*** Opening DATA SEGMENT ***

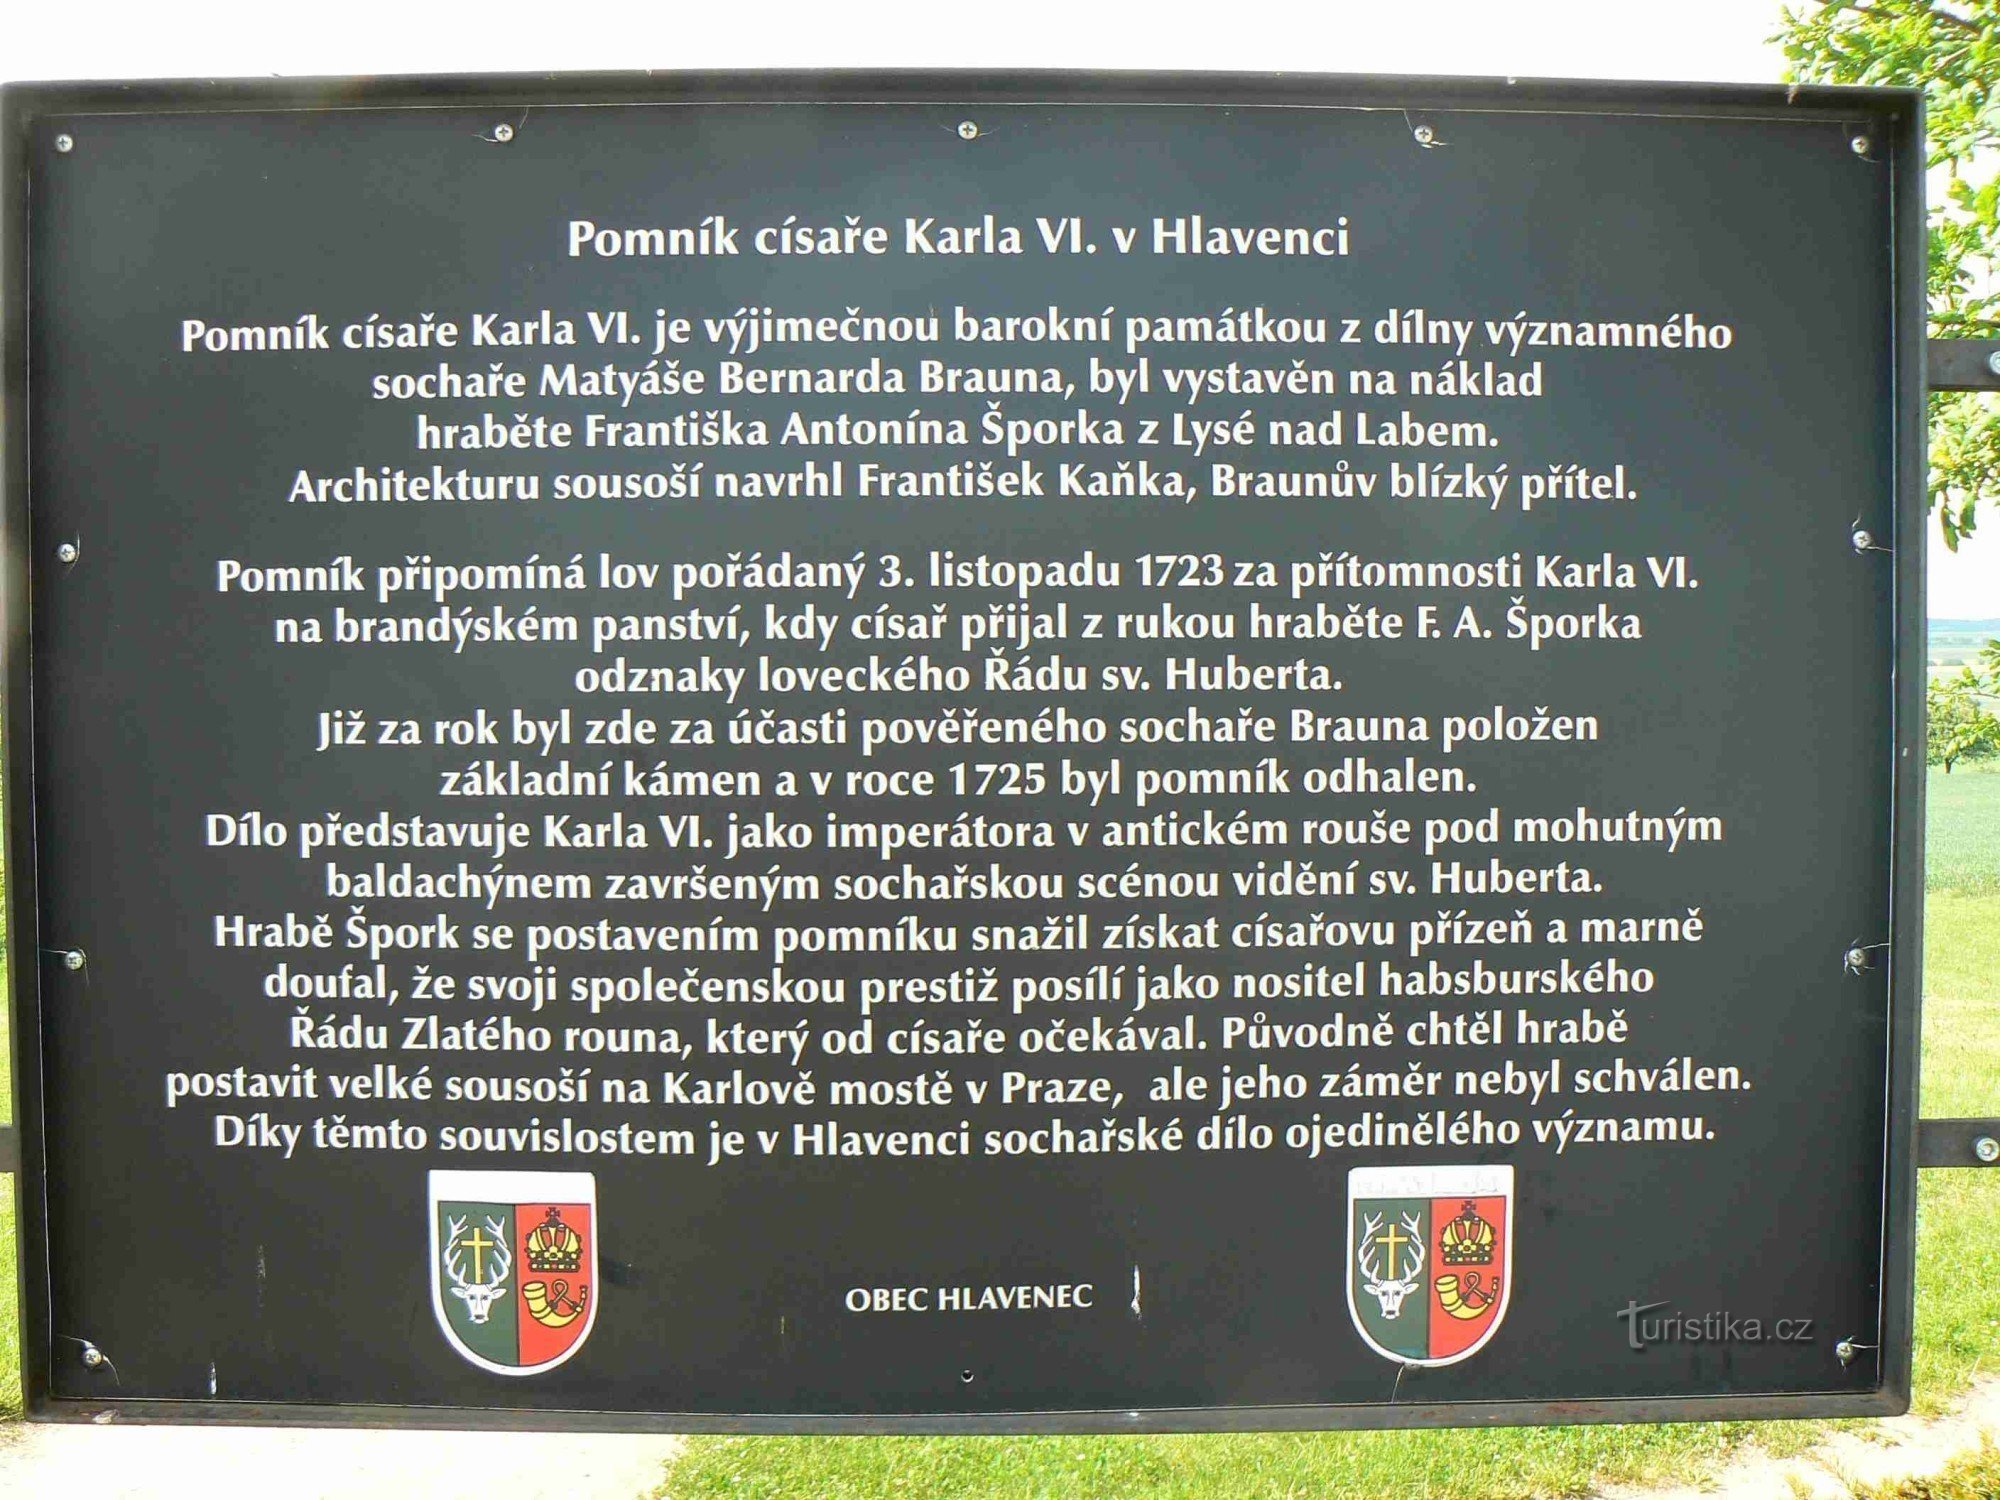 Đài tưởng niệm Hoàng đế Charles VI.
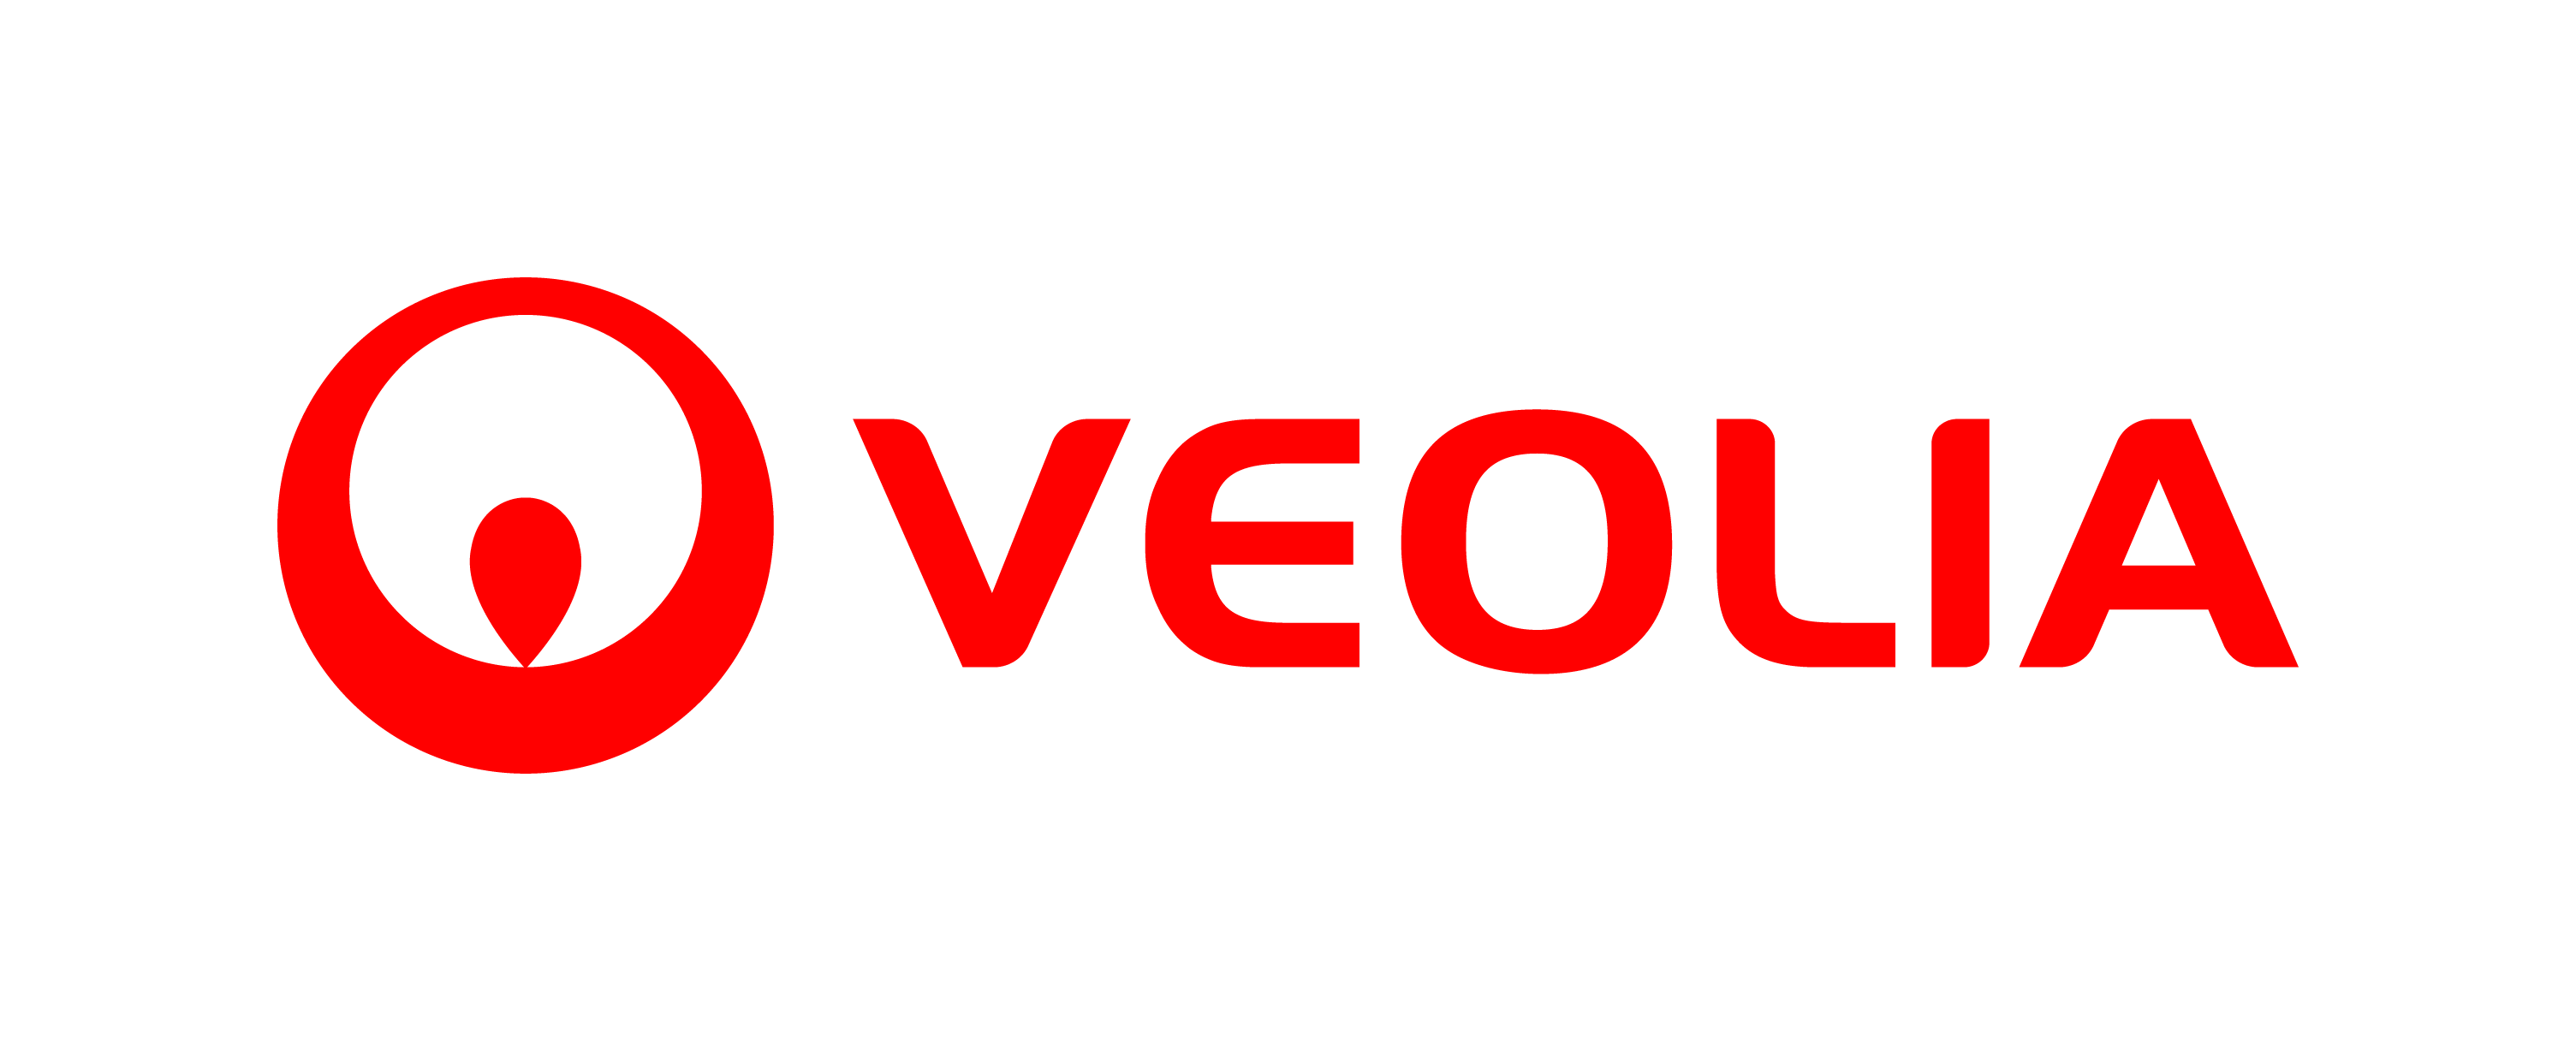 Logo Veolia.png
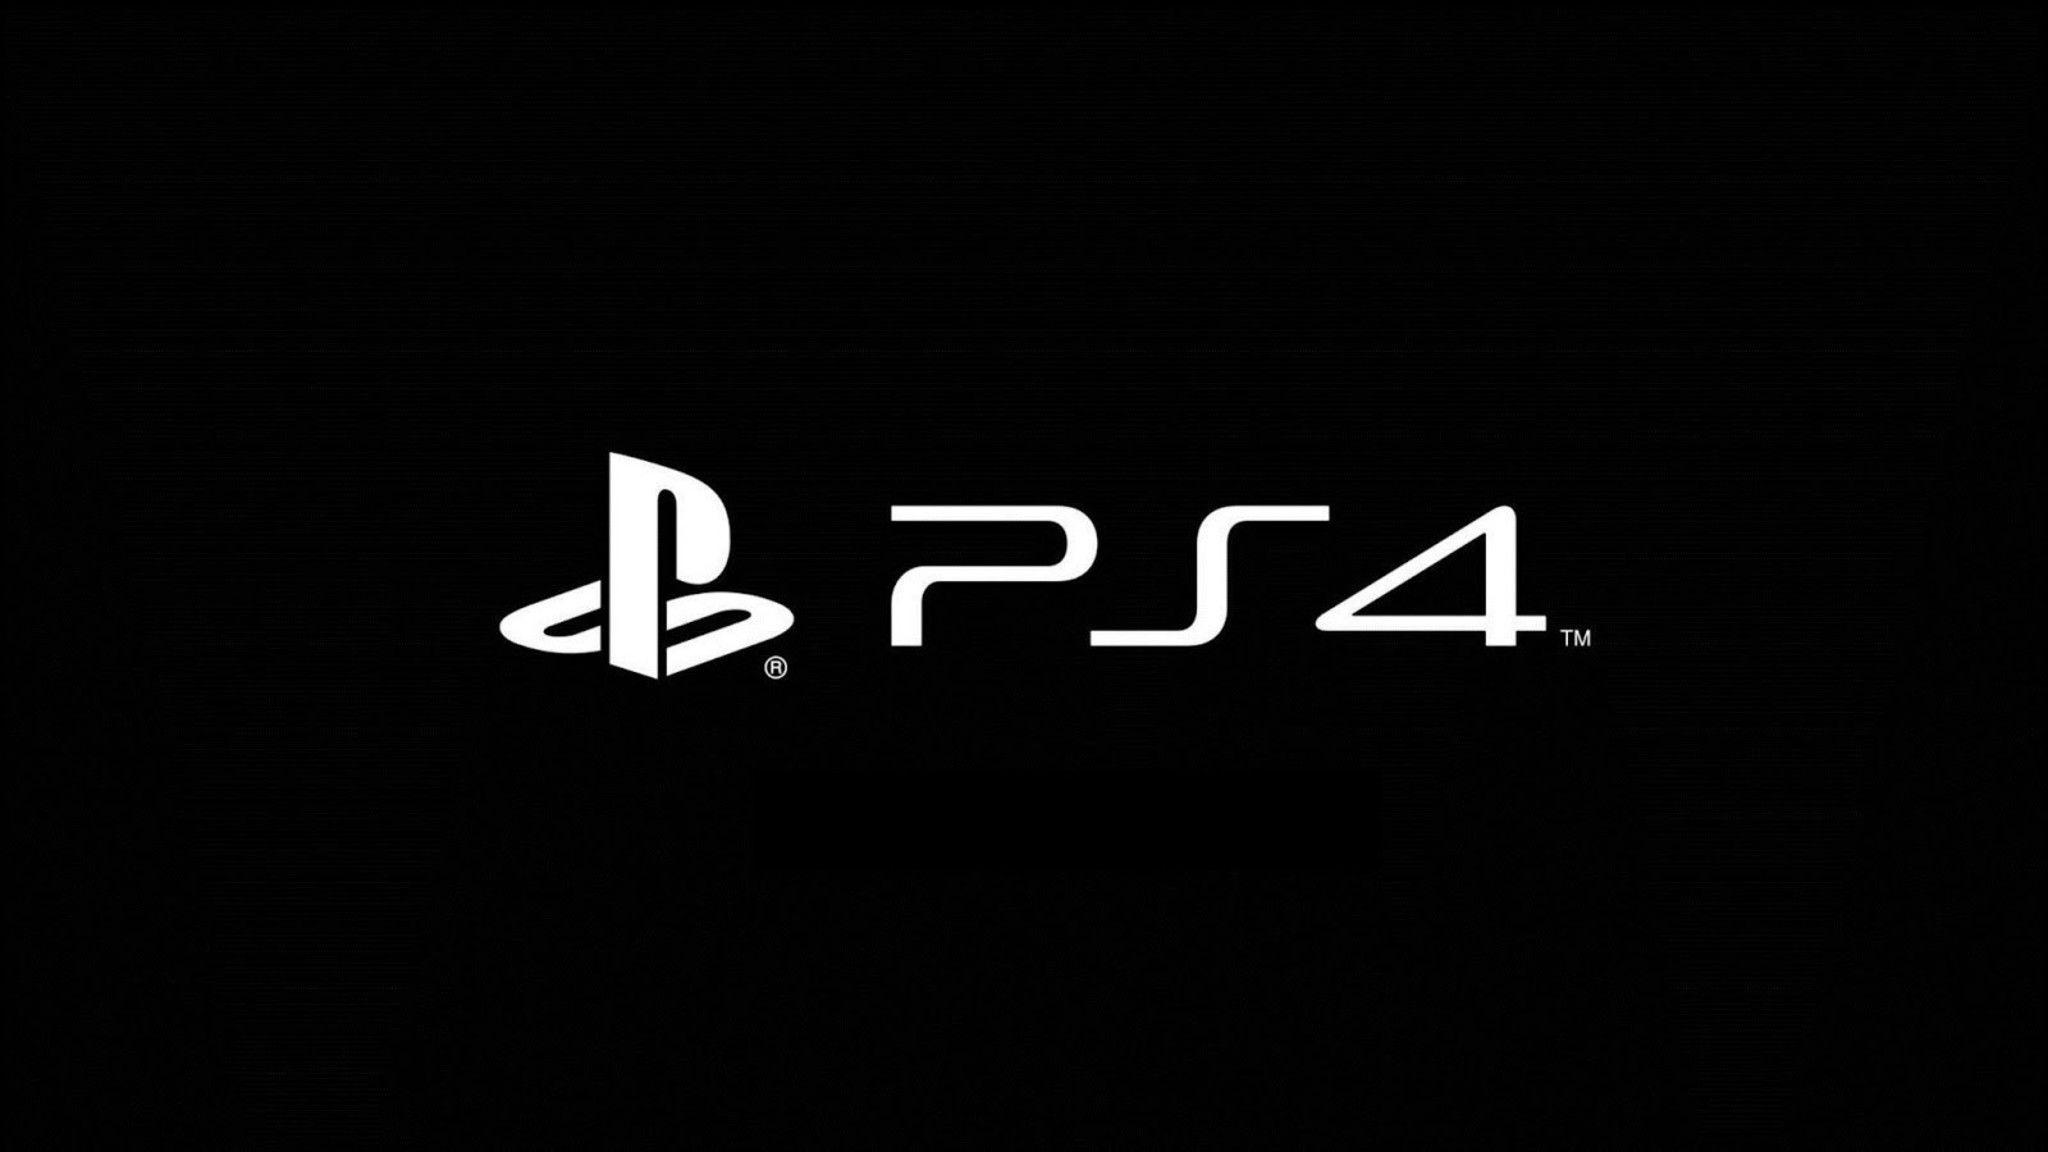 2048x1152 Hình nền PlayStation 4 2048. Hình nền PlayStation, Hình nền PlayStation Xbox và Hình nền PlayStation 3 Slim

*** Closing DATA SEGMENT ***

WHAT IS REQUIRED: Please repeat each line above exactly as it appears, but omit the pictures.

EXERCISE RESPONSE:
 Đài tưởng niệm Hoàng đế Charles VI.
 Logo Veolia.png
 2048x1152 Hình nền PlayStation 4 2048. Hình nền PlayStation, Hình nền PlayStation Xbox và Hình nền PlayStation 3 Slim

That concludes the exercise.